# YOUR ASSIGNMENT
Once the images are set aside, output the listing exactly as it stands.
━━━ INFORMATION SUPPLIED
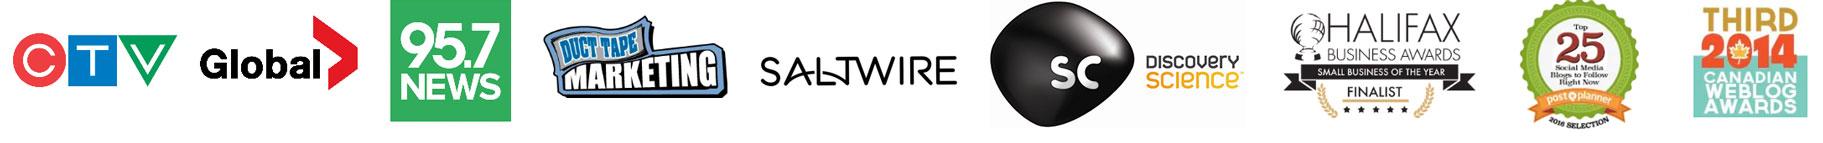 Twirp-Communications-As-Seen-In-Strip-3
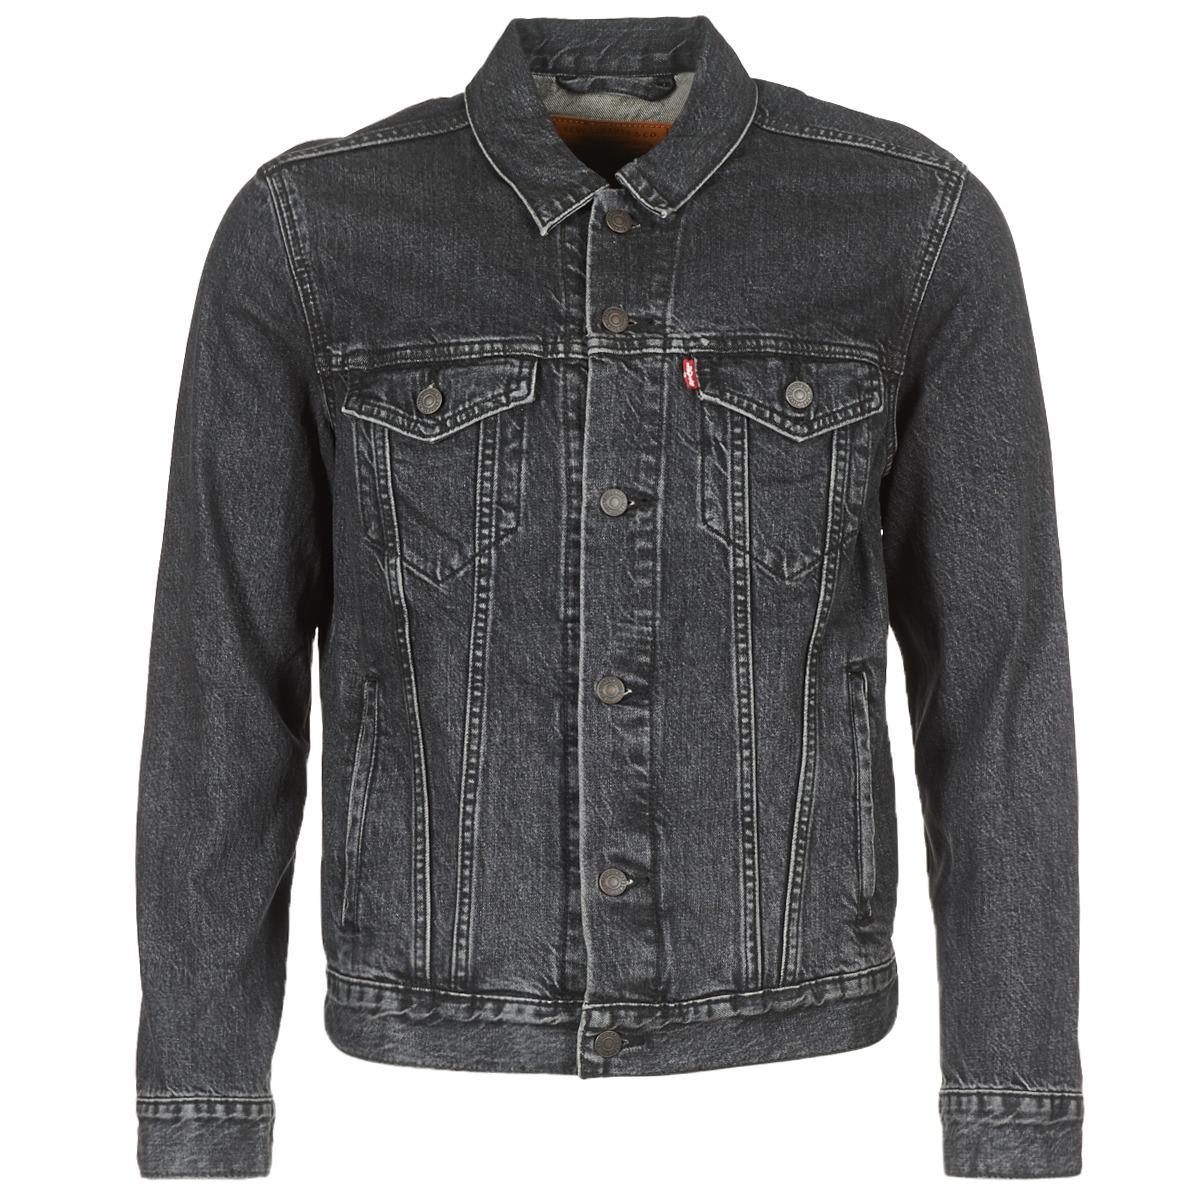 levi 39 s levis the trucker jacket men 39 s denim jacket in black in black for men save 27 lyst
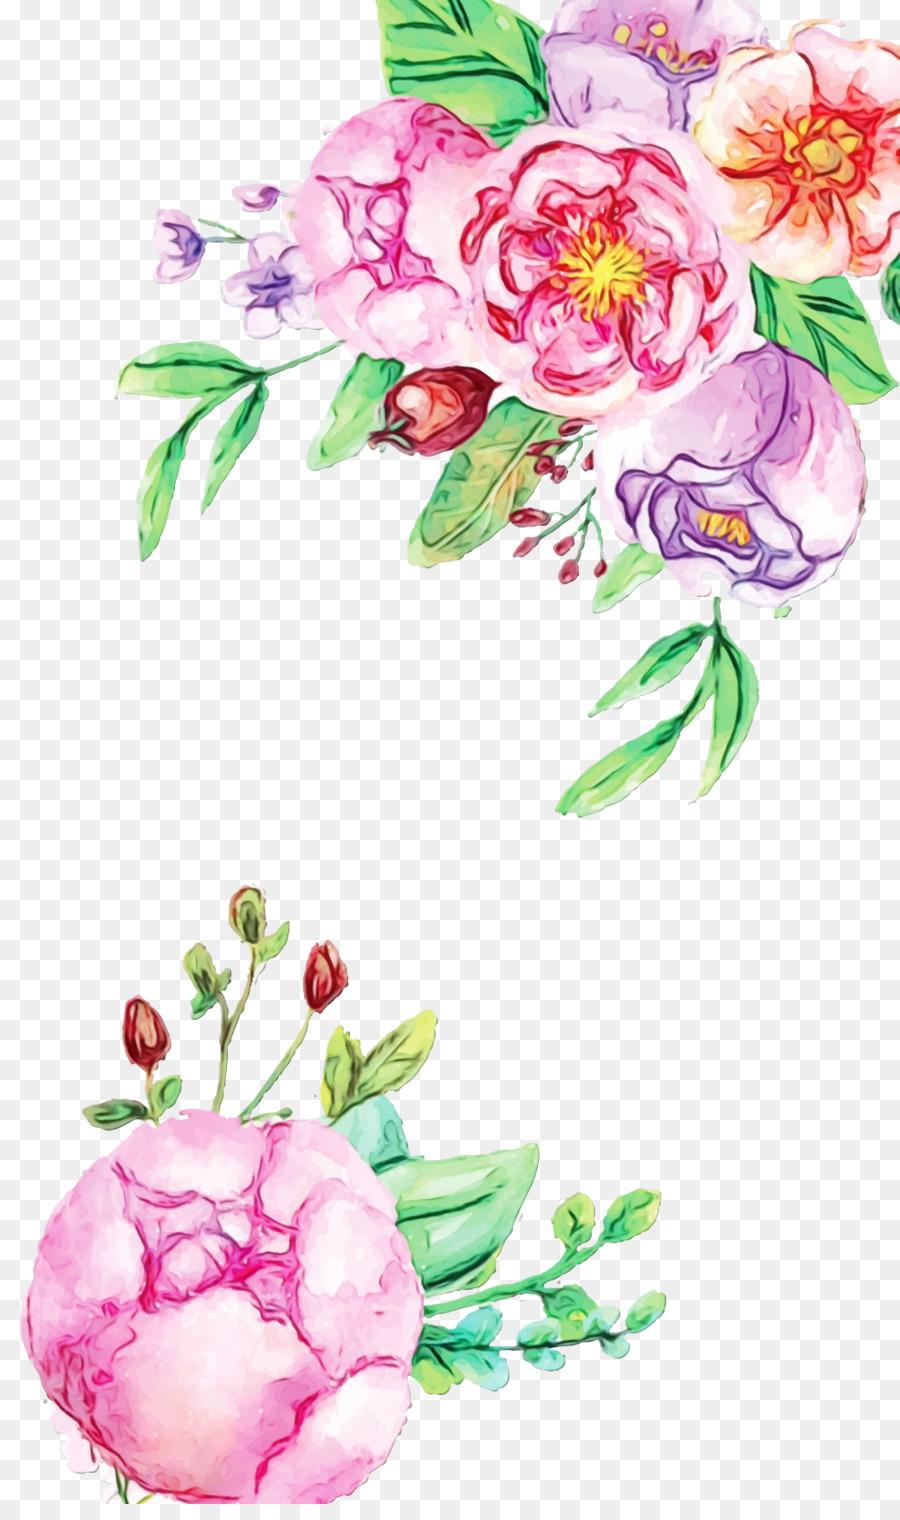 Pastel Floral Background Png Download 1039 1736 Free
━━━━━━
# ANSWER
 Twirp-Communications-As-Seen-In-Strip-3
 levi 39 s levis the trucker jacket men 39 s denim jacket in black in black for men save 27 lyst
 Pastel Floral Background Png Download 1039 1736 Free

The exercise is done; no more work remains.